• Your instructions: Once the images are set aside, print the remaining lines below exactly.

• Source material:

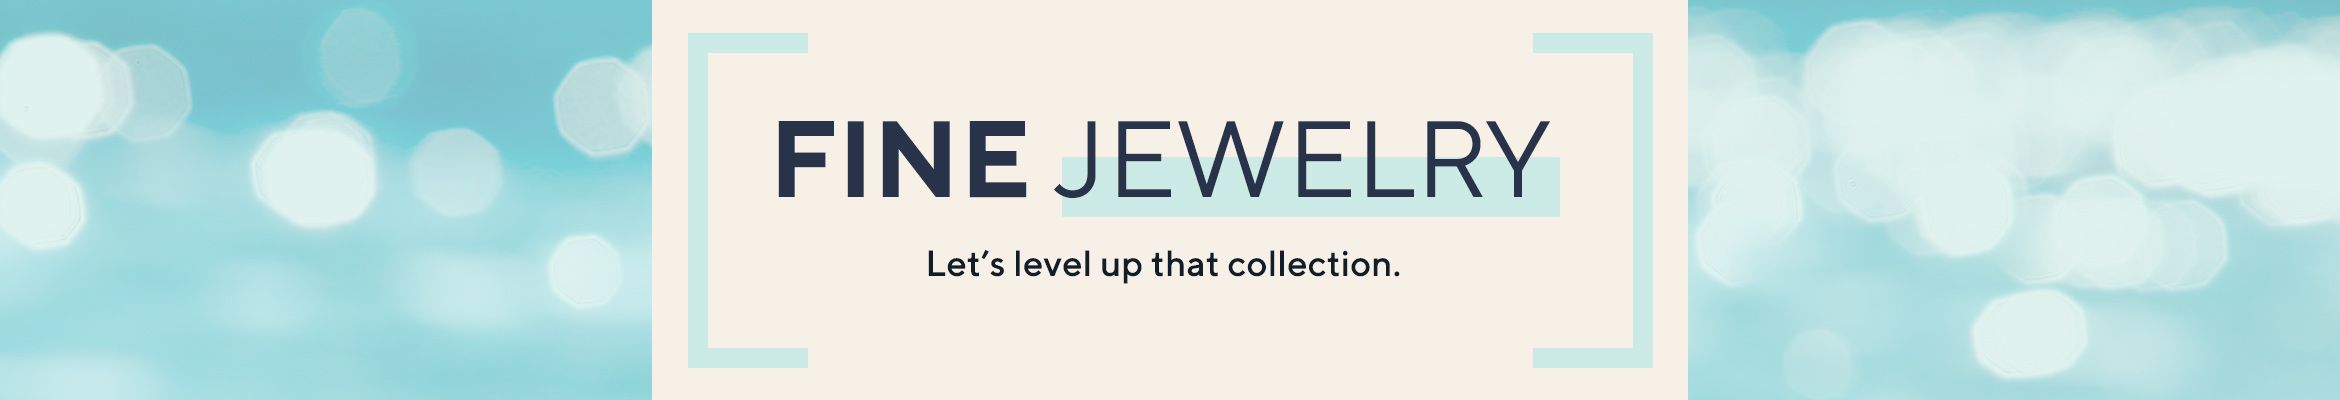 Fine Jewelry - Let's level up that collection.
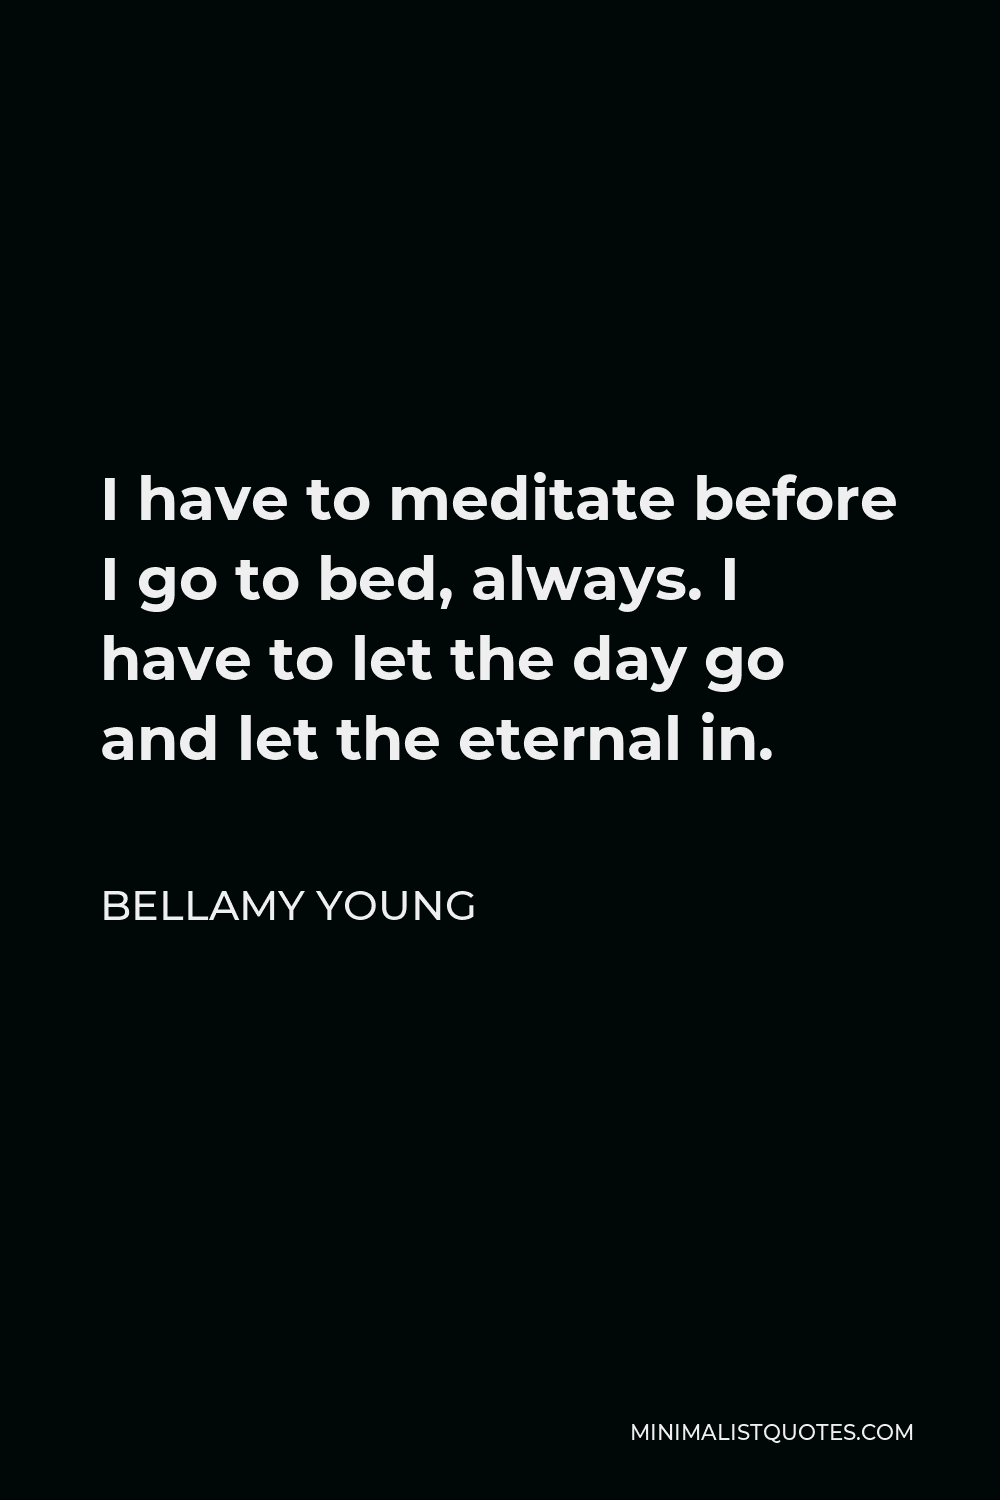 Bellamy Young Quote - I have to meditate before I go to bed, always. I have to let the day go and let the eternal in.
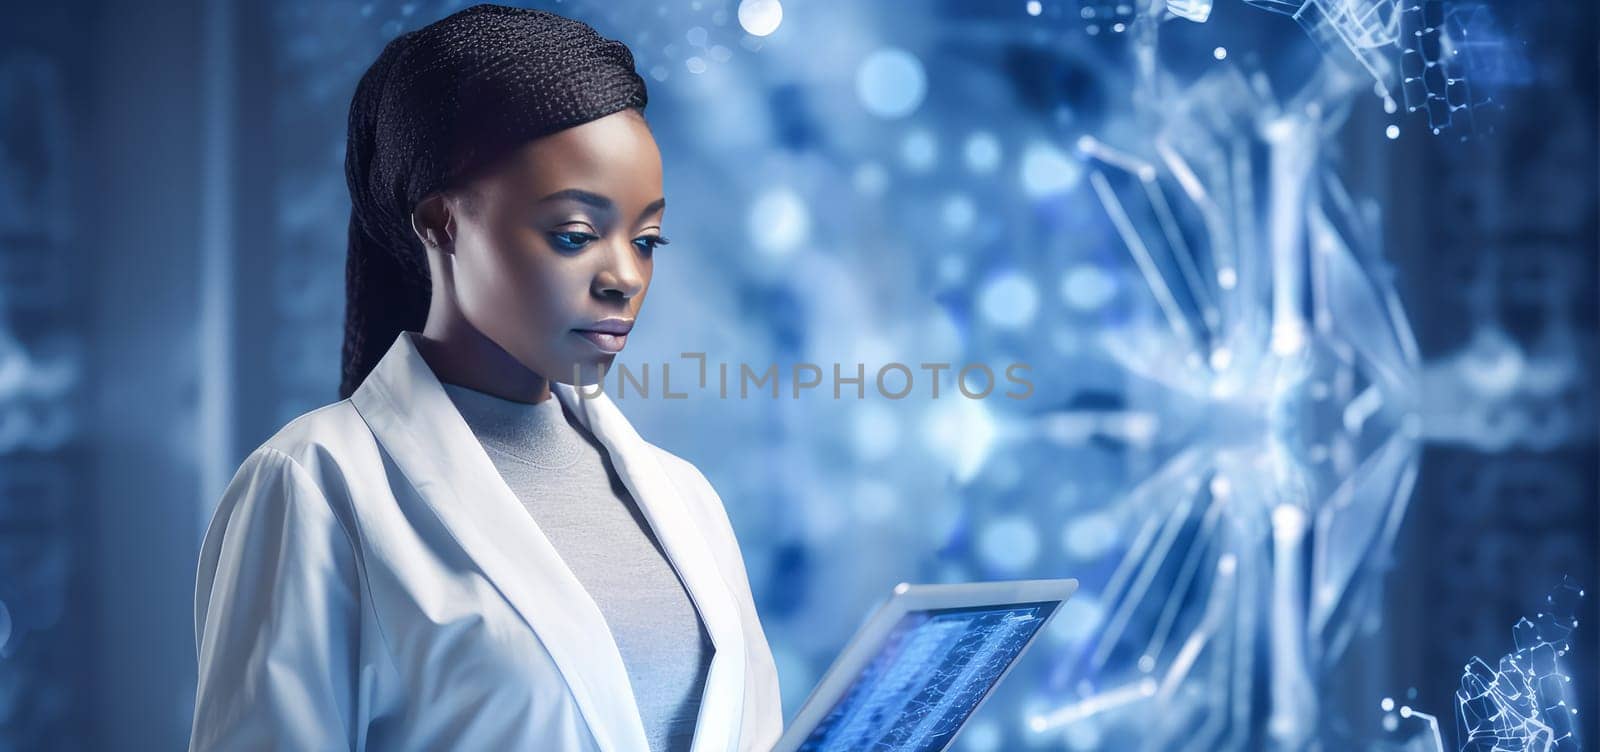 A dark-skinned African American woman in a medical modern bright hospital with modern equipment, where a person undergoes an examination health under insurance. Hospital, medicine, doctor and pharmaceutical company, healthcare and health insurance.

• Response to this task:
 Fine Jewelry - Let's level up that collection.
 Bellamy Young Quote - I have to meditate before I go to bed, always. I have to let the day go and let the eternal in.
 A dark-skinned African American woman in a medical modern bright hospital with modern equipment, where a person undergoes an examination health under insurance. Hospital, medicine, doctor and pharmaceutical company, healthcare and health insurance.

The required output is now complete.